### PROBLEM REQUIREMENTS
Return only those lines of the records below in which "только" appears.

(Stored items from a collection)
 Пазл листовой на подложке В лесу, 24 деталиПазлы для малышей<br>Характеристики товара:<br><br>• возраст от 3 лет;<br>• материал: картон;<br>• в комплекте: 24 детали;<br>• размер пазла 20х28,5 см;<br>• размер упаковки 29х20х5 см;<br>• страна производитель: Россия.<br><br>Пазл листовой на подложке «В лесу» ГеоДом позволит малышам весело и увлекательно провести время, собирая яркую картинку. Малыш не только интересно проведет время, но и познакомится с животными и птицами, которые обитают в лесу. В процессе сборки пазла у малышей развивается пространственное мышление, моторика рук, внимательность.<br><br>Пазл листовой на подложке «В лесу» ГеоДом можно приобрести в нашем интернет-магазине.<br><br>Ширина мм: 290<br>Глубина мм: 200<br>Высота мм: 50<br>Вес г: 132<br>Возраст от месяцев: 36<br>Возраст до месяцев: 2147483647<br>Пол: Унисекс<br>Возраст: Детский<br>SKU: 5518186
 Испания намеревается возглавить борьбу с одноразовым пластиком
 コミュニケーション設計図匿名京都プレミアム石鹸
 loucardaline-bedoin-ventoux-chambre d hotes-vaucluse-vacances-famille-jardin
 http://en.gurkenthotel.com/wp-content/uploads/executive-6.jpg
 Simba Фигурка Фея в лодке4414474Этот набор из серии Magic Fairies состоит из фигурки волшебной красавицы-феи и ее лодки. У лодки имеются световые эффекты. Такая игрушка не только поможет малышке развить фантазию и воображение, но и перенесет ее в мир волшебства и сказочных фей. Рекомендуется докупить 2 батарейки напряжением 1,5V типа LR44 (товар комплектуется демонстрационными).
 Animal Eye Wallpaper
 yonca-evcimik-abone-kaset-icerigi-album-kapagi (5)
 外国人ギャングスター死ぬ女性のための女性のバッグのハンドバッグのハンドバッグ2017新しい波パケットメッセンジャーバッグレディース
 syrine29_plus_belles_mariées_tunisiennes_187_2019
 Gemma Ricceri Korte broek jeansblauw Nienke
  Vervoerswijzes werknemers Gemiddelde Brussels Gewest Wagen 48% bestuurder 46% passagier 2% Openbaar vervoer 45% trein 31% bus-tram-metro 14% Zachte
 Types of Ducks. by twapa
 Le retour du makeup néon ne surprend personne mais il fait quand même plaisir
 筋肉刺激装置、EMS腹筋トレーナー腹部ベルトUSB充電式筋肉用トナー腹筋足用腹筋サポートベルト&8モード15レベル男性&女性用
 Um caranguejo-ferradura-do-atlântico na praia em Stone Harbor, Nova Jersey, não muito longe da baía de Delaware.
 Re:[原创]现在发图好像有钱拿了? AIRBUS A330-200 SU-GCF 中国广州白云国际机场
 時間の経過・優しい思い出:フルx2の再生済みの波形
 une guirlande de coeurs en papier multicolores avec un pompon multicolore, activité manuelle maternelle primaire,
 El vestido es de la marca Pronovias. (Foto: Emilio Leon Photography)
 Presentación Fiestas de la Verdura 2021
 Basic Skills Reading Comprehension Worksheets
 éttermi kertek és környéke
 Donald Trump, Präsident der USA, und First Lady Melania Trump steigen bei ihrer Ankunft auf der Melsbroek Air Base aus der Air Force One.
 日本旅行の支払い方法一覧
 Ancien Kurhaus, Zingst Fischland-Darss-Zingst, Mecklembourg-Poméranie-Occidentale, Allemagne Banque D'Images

### EXERCISE OUTPUT
 Пазл листовой на подложке В лесу, 24 деталиПазлы для малышей<br>Характеристики товара:<br><br>• возраст от 3 лет;<br>• материал: картон;<br>• в комплекте: 24 детали;<br>• размер пазла 20х28,5 см;<br>• размер упаковки 29х20х5 см;<br>• страна производитель: Россия.<br><br>Пазл листовой на подложке «В лесу» ГеоДом позволит малышам весело и увлекательно провести время, собирая яркую картинку. Малыш не только интересно проведет время, но и познакомится с животными и птицами, которые обитают в лесу. В процессе сборки пазла у малышей развивается пространственное мышление, моторика рук, внимательность.<br><br>Пазл листовой на подложке «В лесу» ГеоДом можно приобрести в нашем интернет-магазине.<br><br>Ширина мм: 290<br>Глубина мм: 200<br>Высота мм: 50<br>Вес г: 132<br>Возраст от месяцев: 36<br>Возраст до месяцев: 2147483647<br>Пол: Унисекс<br>Возраст: Детский<br>SKU: 5518186
 Simba Фигурка Фея в лодке4414474Этот набор из серии Magic Fairies состоит из фигурки волшебной красавицы-феи и ее лодки. У лодки имеются световые эффекты. Такая игрушка не только поможет малышке развить фантазию и воображение, но и перенесет ее в мир волшебства и сказочных фей. Рекомендуется докупить 2 батарейки напряжением 1,5V типа LR44 (товар комплектуется демонстрационными).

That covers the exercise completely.